Task objective:
In the entries below, begin at the line that has "Deep spiral staircase", stop after the line that has "Jaguar Xe Facelift", and output those lines exactly with no pictures.

Dataset records:
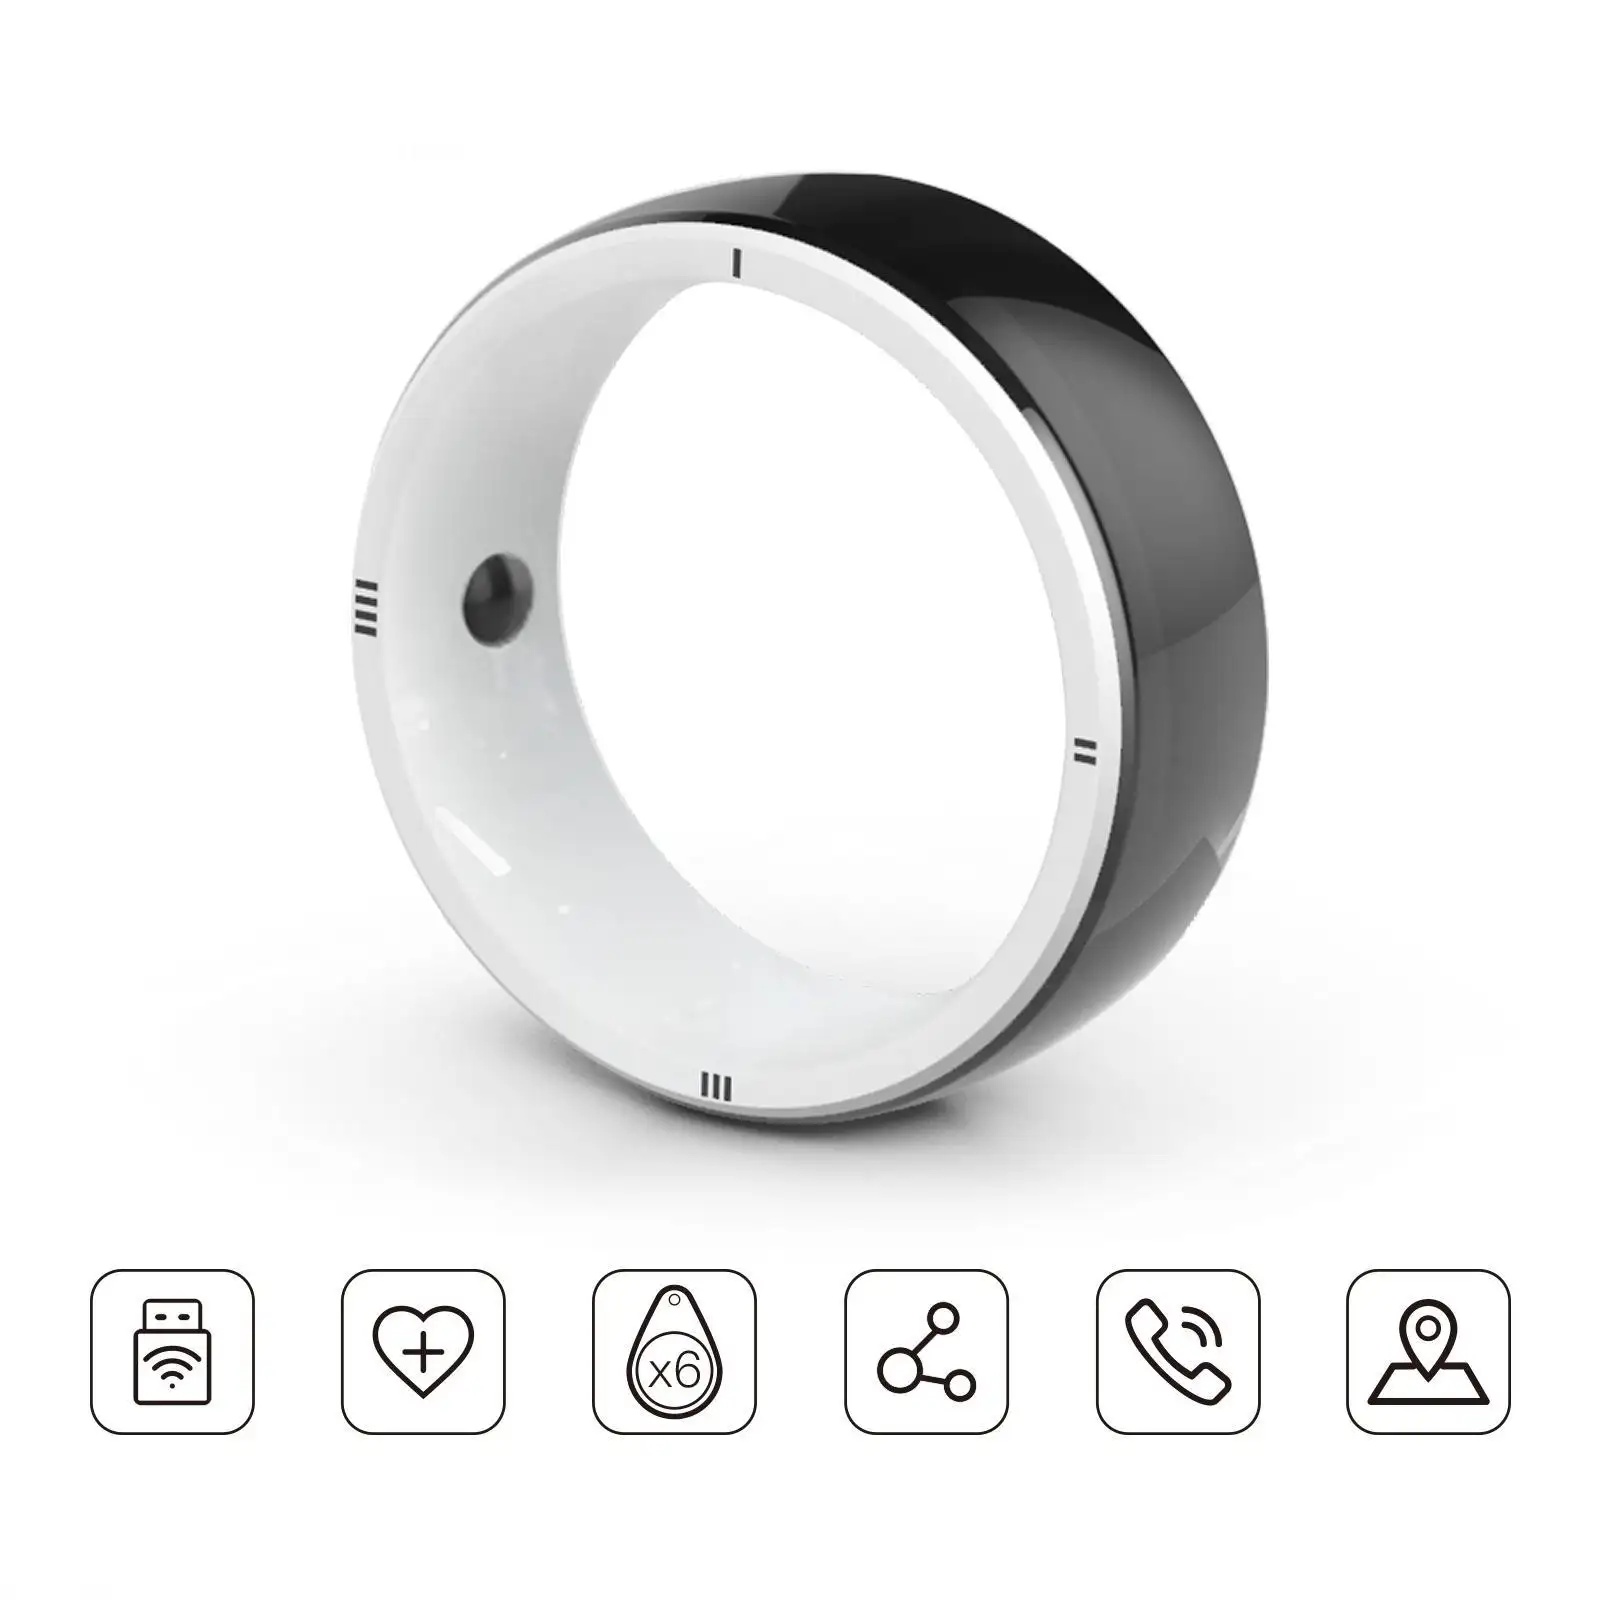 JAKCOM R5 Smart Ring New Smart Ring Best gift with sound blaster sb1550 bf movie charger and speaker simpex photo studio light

* * *

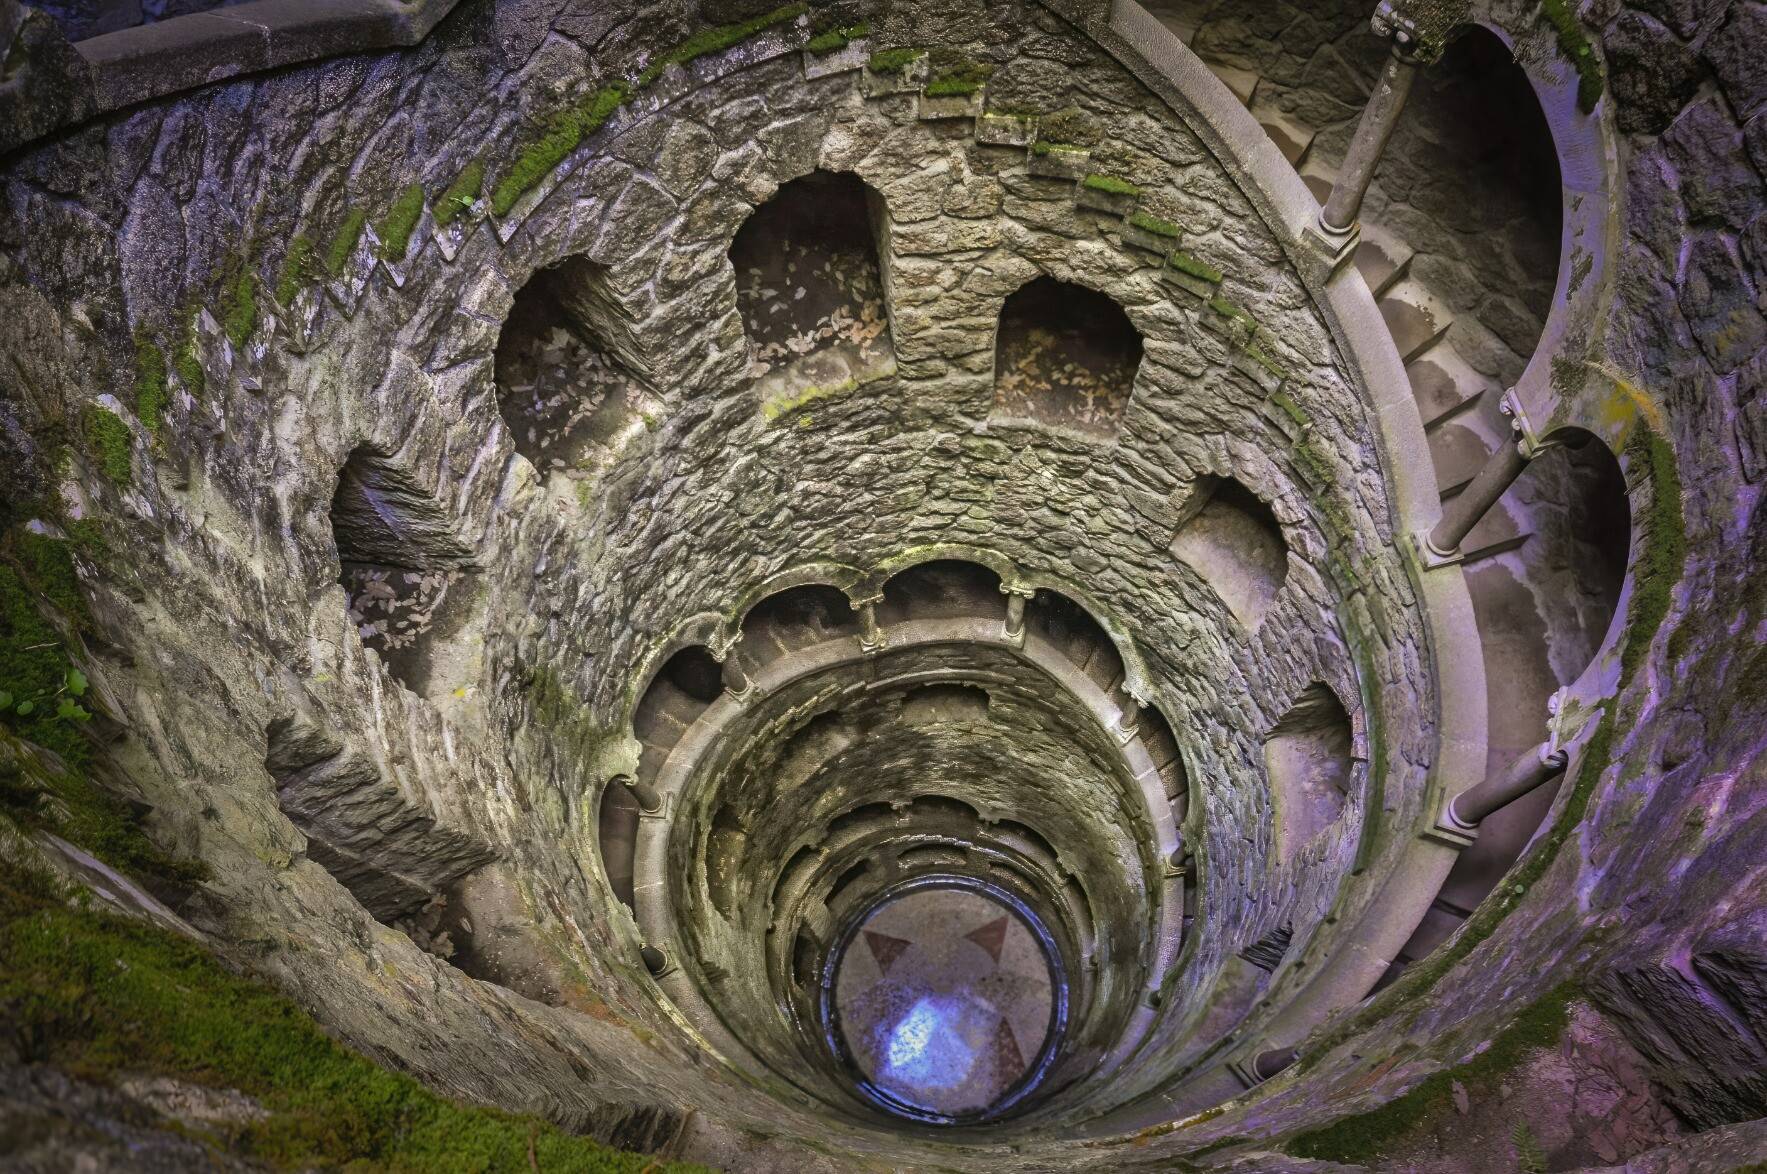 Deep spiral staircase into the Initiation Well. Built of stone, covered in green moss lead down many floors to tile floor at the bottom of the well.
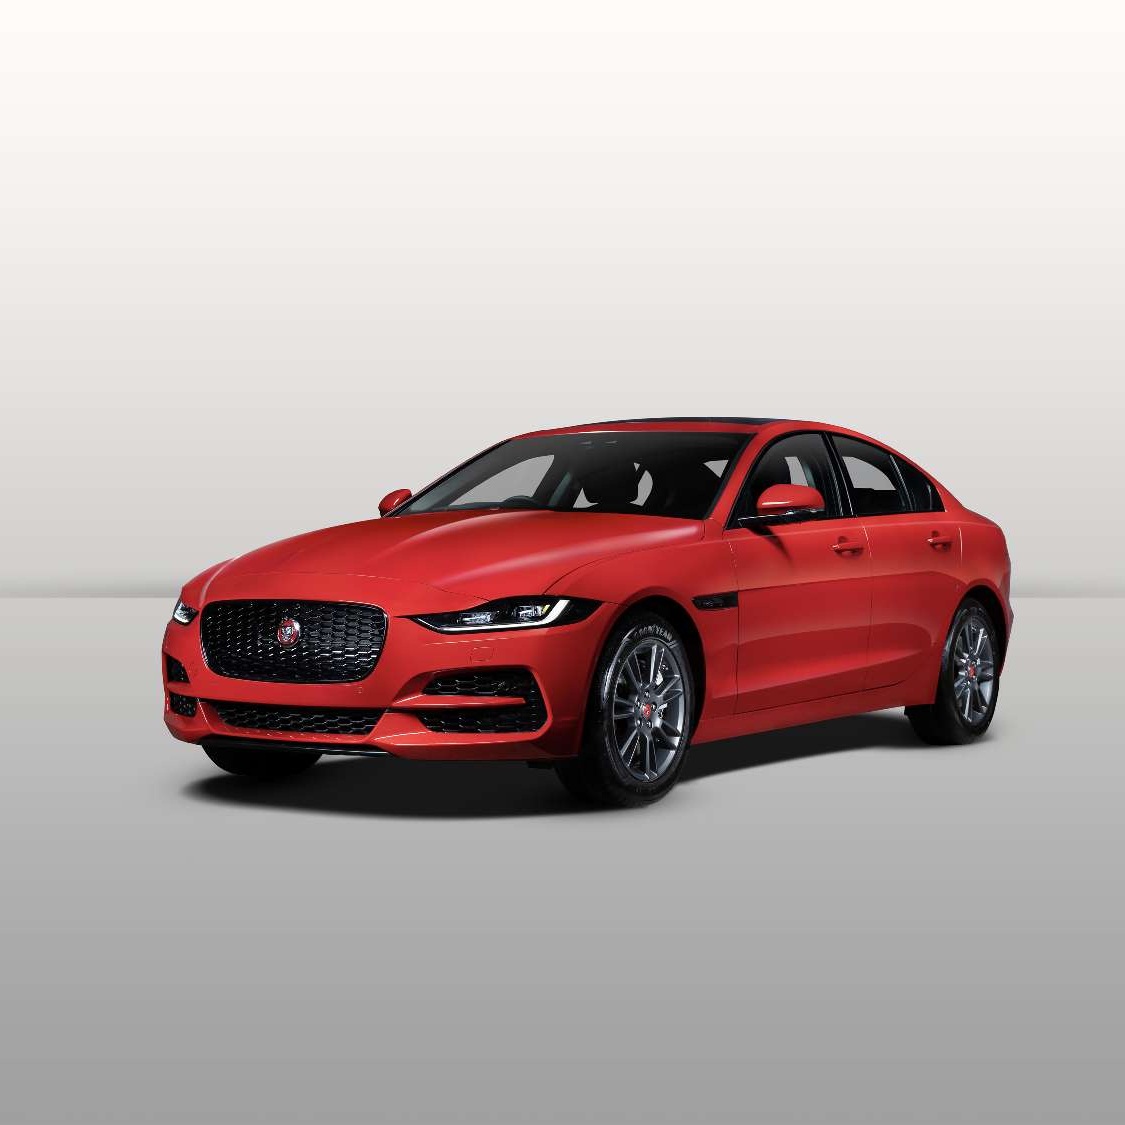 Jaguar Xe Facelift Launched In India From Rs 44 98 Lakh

Result of this exercise:
 Deep spiral staircase into the Initiation Well. Built of stone, covered in green moss lead down many floors to tile floor at the bottom of the well.
 Jaguar Xe Facelift Launched In India From Rs 44 98 Lakh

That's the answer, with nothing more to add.